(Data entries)
=== Section Start ===
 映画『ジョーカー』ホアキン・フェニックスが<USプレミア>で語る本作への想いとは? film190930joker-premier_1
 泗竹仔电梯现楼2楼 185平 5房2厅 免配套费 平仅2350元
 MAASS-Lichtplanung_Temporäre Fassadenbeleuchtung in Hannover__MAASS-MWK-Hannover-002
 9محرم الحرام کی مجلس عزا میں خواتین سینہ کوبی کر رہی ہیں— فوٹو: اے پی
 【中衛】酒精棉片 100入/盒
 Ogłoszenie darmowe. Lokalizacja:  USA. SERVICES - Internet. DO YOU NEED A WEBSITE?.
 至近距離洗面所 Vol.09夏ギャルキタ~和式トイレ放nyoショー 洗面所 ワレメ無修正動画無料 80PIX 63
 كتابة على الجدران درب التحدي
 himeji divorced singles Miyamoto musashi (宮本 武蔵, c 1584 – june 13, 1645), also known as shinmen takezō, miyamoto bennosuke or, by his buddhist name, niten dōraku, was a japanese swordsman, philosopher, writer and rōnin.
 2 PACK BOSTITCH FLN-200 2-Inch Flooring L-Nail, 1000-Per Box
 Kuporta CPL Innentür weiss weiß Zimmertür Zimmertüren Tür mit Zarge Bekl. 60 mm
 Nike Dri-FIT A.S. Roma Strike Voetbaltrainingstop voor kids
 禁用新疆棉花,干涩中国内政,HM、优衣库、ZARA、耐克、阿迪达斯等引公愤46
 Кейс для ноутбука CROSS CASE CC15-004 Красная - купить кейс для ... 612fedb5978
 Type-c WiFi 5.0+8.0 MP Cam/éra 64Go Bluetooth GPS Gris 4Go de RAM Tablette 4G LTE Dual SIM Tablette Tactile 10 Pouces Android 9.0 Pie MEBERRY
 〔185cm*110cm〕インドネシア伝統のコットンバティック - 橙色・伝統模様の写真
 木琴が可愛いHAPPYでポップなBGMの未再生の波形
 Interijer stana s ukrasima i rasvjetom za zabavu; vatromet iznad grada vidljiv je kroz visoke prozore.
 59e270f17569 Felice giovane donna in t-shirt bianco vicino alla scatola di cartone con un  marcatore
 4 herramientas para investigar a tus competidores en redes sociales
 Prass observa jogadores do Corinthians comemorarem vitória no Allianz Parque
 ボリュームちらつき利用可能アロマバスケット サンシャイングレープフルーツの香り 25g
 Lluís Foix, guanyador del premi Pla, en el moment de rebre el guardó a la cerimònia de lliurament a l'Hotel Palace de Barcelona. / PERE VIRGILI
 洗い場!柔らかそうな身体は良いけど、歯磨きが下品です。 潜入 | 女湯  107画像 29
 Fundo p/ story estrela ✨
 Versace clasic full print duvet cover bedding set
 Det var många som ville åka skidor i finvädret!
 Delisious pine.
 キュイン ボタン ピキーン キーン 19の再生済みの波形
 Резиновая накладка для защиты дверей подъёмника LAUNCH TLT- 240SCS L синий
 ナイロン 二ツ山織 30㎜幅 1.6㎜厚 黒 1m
=== Section End ===
GOAL OF THE EXERCISE ::
The line with "Versace clasic full" through the last line of the entries above: output exactly those lines and nothing else.

TASK RESPONSE ::
 Versace clasic full print duvet cover bedding set
 Det var många som ville åka skidor i finvädret!
 Delisious pine.
 キュイン ボタン ピキーン キーン 19の再生済みの波形
 Резиновая накладка для защиты дверей подъёмника LAUNCH TLT- 240SCS L синий
 ナイロン 二ツ山織 30㎜幅 1.6㎜厚 黒 1m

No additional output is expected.